Can you please give the proof for this derivation sir https://uploads.disquscdn.com/images/d06373c28b941e69b9f4c91c55287301680eb483adc127d1a523fc765f93a97f.png
anyone can give the proof for this ?
In Probability density function of noise (i.e. eqn no.10) ” pi ” is missing in the denominator. Is it right or wrong ?
Mistake corrected. Thanks for spotting it.
Is ‘h’ a constant or a vector?
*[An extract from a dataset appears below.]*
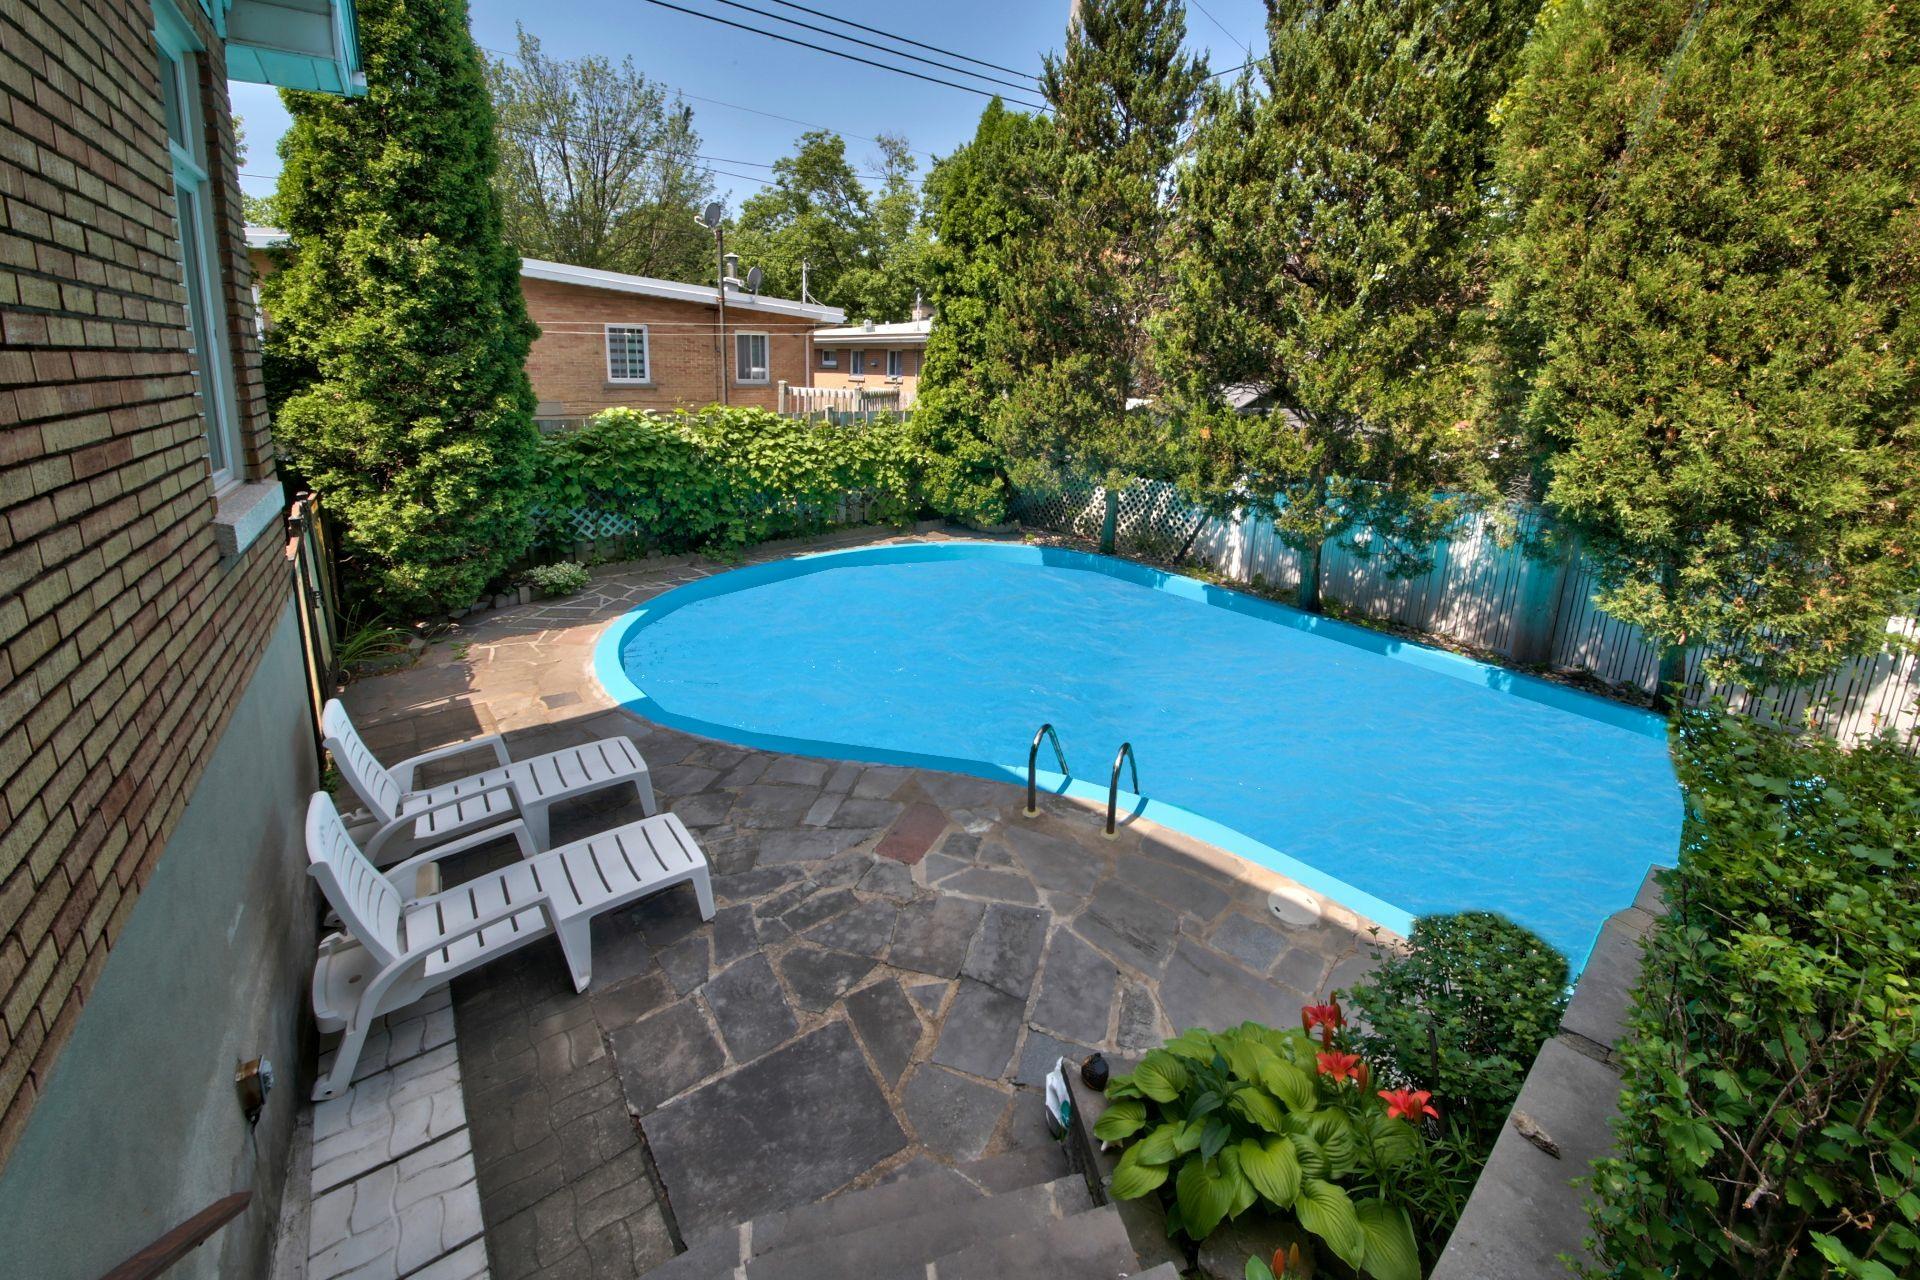 image 25 - House For sale Ahuntsic-Cartierville Montréal  - 11 rooms
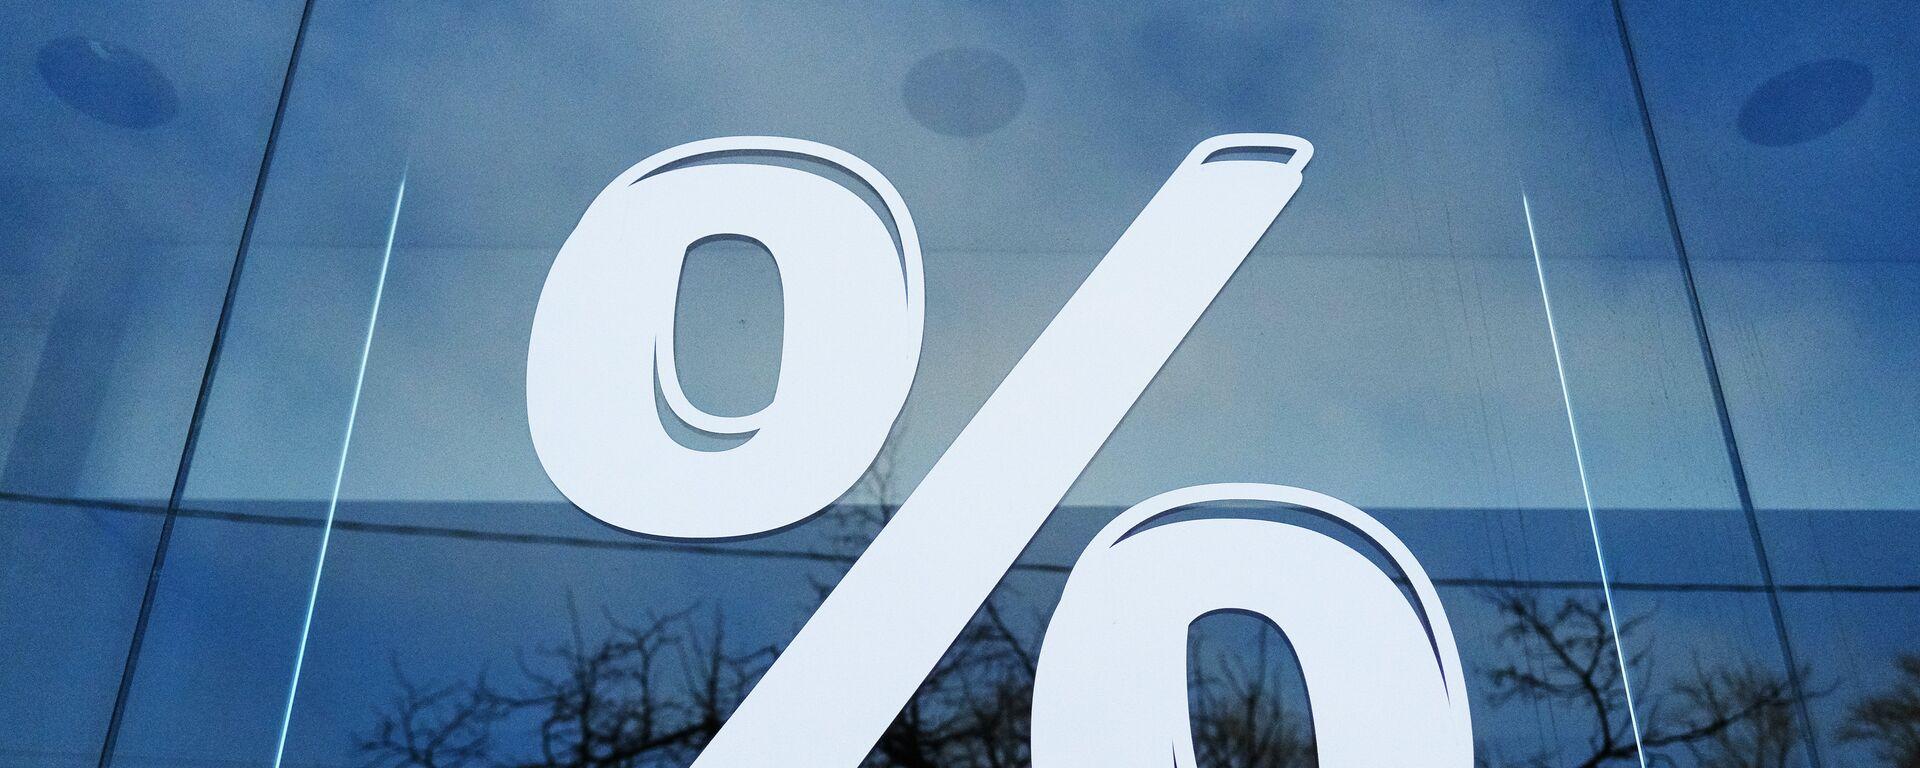 Znak pro procento ve výloze - Sputnik Česká republika, 1920, 05.06.2021

How to define it while simulating this environment in MATLAB?
For fading channels, ‘h’ is a random variable of length L where the elements are usually drawn from complex space ‘C’. can be modeled as a vector in Matlab
h = randn(1,L) + 1i* randn(1,L)
Sorry another thing I wanted to ask; I’ve trying to implement outage capacity in MATLAB but so far my attempts are not good. Can you please help me here? I’m setting C=1, Pt = 1 and noise variance No. Like I know what is going on but I’m unable to simulate the capacity outage for each SNR.
Thanks
And also in what is |h|.^2? abs(h).^2 or h.*(conj(h))?
both are equivalent
Sir,
please continue this discussion. it is extremely useful. I request you to extend it to space time codes, OFDM and CDMA.